Почему, спрашивалось в ней, Талмуд выделяет из всех
событий, в напоминание о которых установлен праздник
Ханука, именно скромный, казалось бы, эпизод с кувшином
масла для храмовых светильников, а не грандиозные военные
победы Маккавеев над греками? И Ребе объясняет, что
масло для светильников символизирует мудрость, и так,
как греки осквернили масло в Храме своим прикосновением,
сделав его непригодным для использования в храмовых
светильниках, так во все времена малейшее прикосновение
нееврея к еврейской мудрости, к учению Торы оскверняет
и фальсифицирует это учение. Никаких компромиссов, никакого,
даже самого легкого, смешения в сфере духа!

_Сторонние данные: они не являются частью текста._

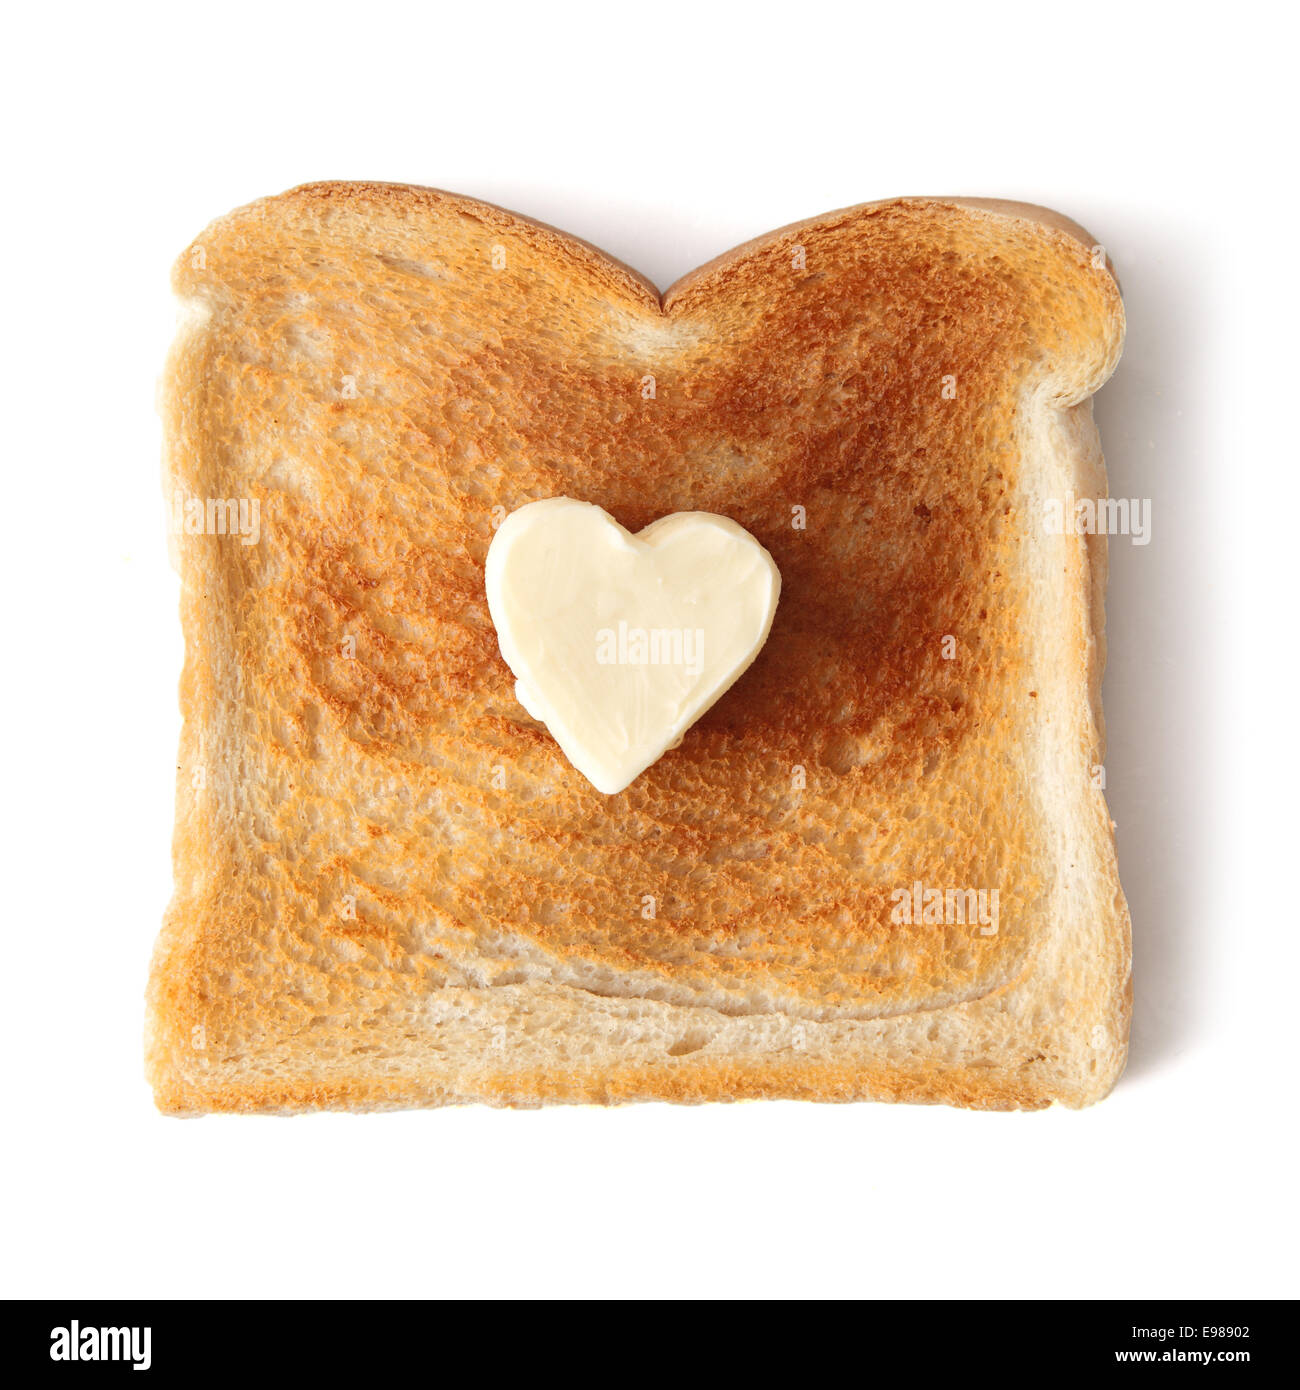 Rebanada de pan blanco tostado sobre un fondo blanco. Una mantequilla pat en la forma de un corazón de amor se ha colocado en el centro de la tostada. Foto de stock

Говорилось там также о том, что мир устроен Б-гом так,
что в силу естественного хода событий неевреи просто
не в состоянии господствовать над евреями, исключая
случай, когда... евреи сами отдают себя и свое учение
во власть неевреев.
В другом месте говорилось о том, что не возможность
«геулы» (духовного и физического возвращения, освобождения,
очищения) должна удивлять нас, а наоборот — возможность
столь длительного существования противоестественного
явления — «галута» (изгнания) представляется странной,
удивительной и противоестественной. Все это давало пищу
для раздумий и споров.
Были периоды, когда я устанавливал себе строгое расписание
еврейских занятий. Особенно увлекательными были уроки
по «Тании», которые давал Залман Левин — великий молчальник
и живая энциклопедия иудаизма и хасидизма. Он недавно
вышел из тюрьмы после десятилетнего заключения, в течение
которого ни разу не ел трефного и не нарушил субботы,
а теперь работал слесарем-электриком на каком-то заводе.
С его сыном Моше-Хаимом мы взялись за сокращенный перевод
на русский язык «Шулхан Аруха» — свода еврейских законов.
Конечно, во время этой совместной работы мы с Моше-Хаимом
много говорили о «Тании».
Я мог бы многое еще рассказать о том, как меня поражало,
когда в «Тании» или в другой книге Старого Ребе — «Ликутей
Тора» — я находил все больше и больше ответов на вопросы,
мучившие меня столько лет — о мирах духовных и телесных,
о последовательности творения Б-гом материальной первоосновы
этого мира из ничто, о том, как принцип универсальной
предопределенности свыше может сочетаться со свободой
воли человека и свободой его выбора, а главное — о высшем
предназначении человека, о способах одухотворения его
жизни при неприятии аскетизма, о привнесении Торы в
гущу жизни.
Труднее всего мне досталось понимание и приятие того,
что я бы назвал величием и глубиной простоты. Как я
уже упоминал, до тех пор, пока еврейская религия, Тора
отождествлялась в моем представлении с системой, выразимой
в мудреных философских терминах, все обстояло благополучно.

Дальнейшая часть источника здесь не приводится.